Wednesday, September 5, 2007

PARIS

Here are a couple of career tips for anyone who wants to be a rock star but also avoid the price of fame — fatal overdoses, binge boozing, car wrecks, suicide — that go with it.

Try to survive beyond the first five years after your first big hit.



Oh, and try to be a Brit, too.

That way, the chances of joining Paul McCartney, Mick Jagger and Elton John in qualifying for your pensioner’s bus pass rise greatly.

In an innovative study published in Britain’s Journal of Epidemiology and Community Health (JECH), researchers at Liverpool John Moores University charted the survival rates of 1,064 musicians and compared this to mortality among the general population in North America and Europe.

The musicians were picked from a chart called the All Time Top 1,000 Albums that was selected in 2000 and covered rock, pop, New Age, punk, rap, R&B and electronica.

In all, exactly 100 stars died between 1956 and 2005 (a death rate of 7.3 percent among women and 9.6 percent among men), including such luminaries as Jimi Hendrix, Jim Morrison, Keith Moon, Brian Jones, Janis Joplin and Kurt Cobain.

Over a 25-year span that started with their rise to fame, stars were more than 70 percent likelier to die prematurely compared with the general population — and the risk was 240 percent higher in those crucial first five years.

Moreover, for those who achieved fame in the manic years of the 1960s and ‘70s, the risk of death occurring within the first five years was an astonishing 350 percent higher than for Mr. or Miss Average.

European stars were much likelier to survive compared to their North American counterparts, the study also found.

Those Europeans who died tended to expire in the blaze of youthful glory, at an average age of 35, compared to 42 among the North Americans.

As time went by, though, aging North American rock stars were twice as likely to die prematurely as Europeans, according to the authors, who speculate that the lifestyle of U.S. rockers may make them more susceptible to chronic heart disease.

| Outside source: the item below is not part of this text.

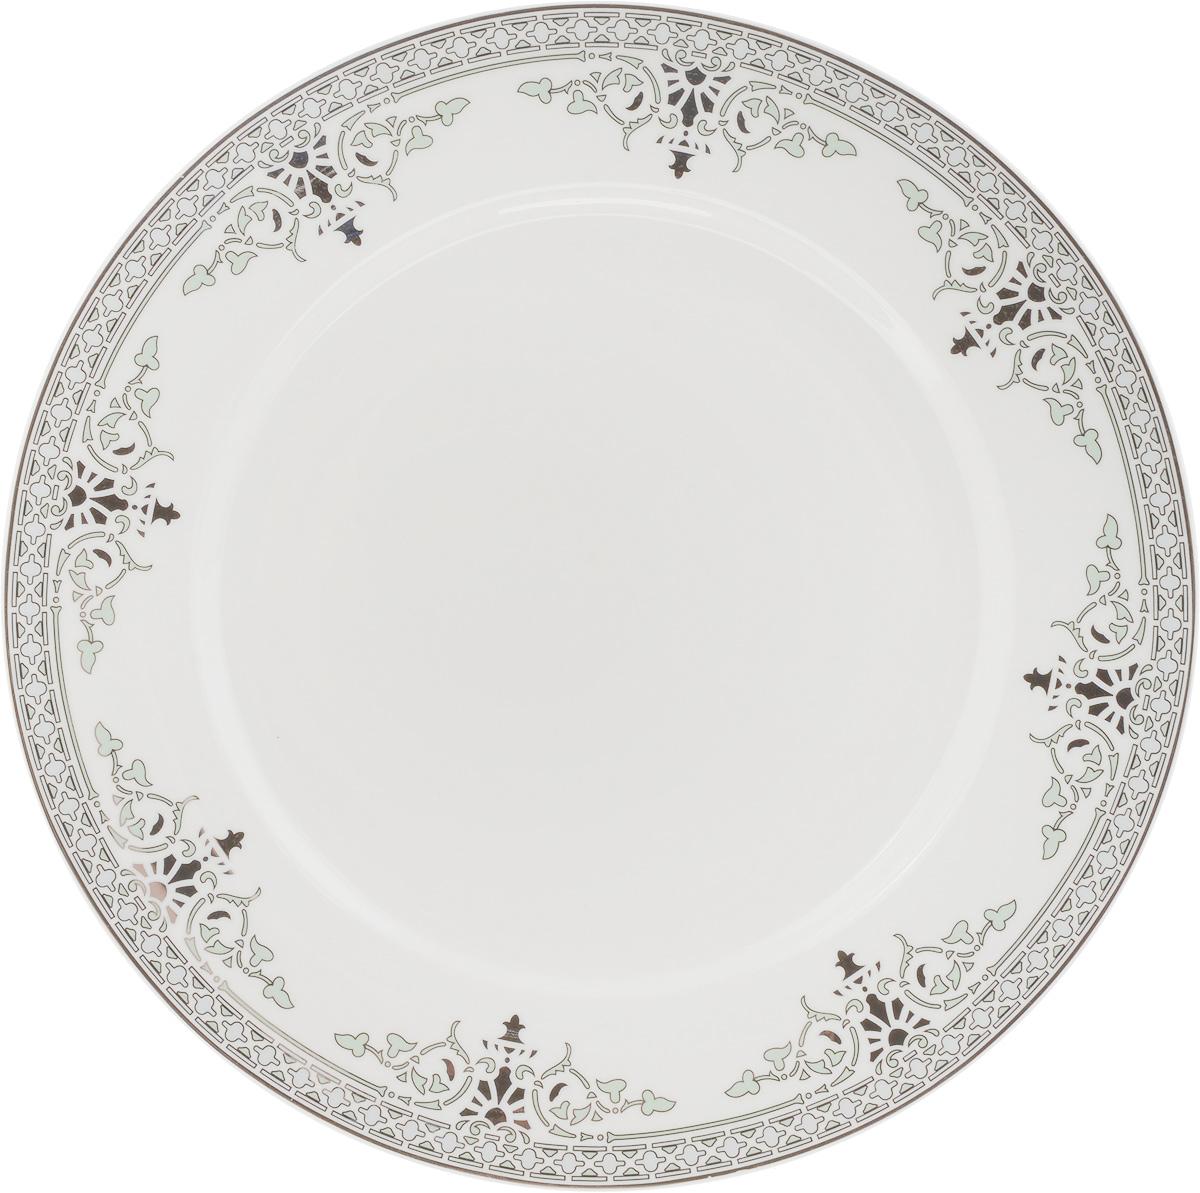 Тарелка подстановочная Венеция, диаметр 27 см216687Тарелка Венеция изготовлена из глазурованного фарфора. Подстановочная тарелка - это особый вид тарелок. Обычно она выполняет исключительно декоративную функцию.Такая тарелка изысканно украсит сервировку как обеденного, так и праздничного стола. Диаметр тарелки: 27 см.

The study, by lead author Mark Bellis and John Ashton of the university’s Centre for Public Health, says their work adds useful statistical weight to a well-known but anecdotal phenomenon.

Another point, they say, is that public-health advocates should think twice before enrolling a music star to promote positive health messages if teens link their idol with booze and pills.

“Where pop star behavior remains typified by risk-taking substance abuse, it is unlikely that young people will see any positive health messages they champion as credible,” the study warns.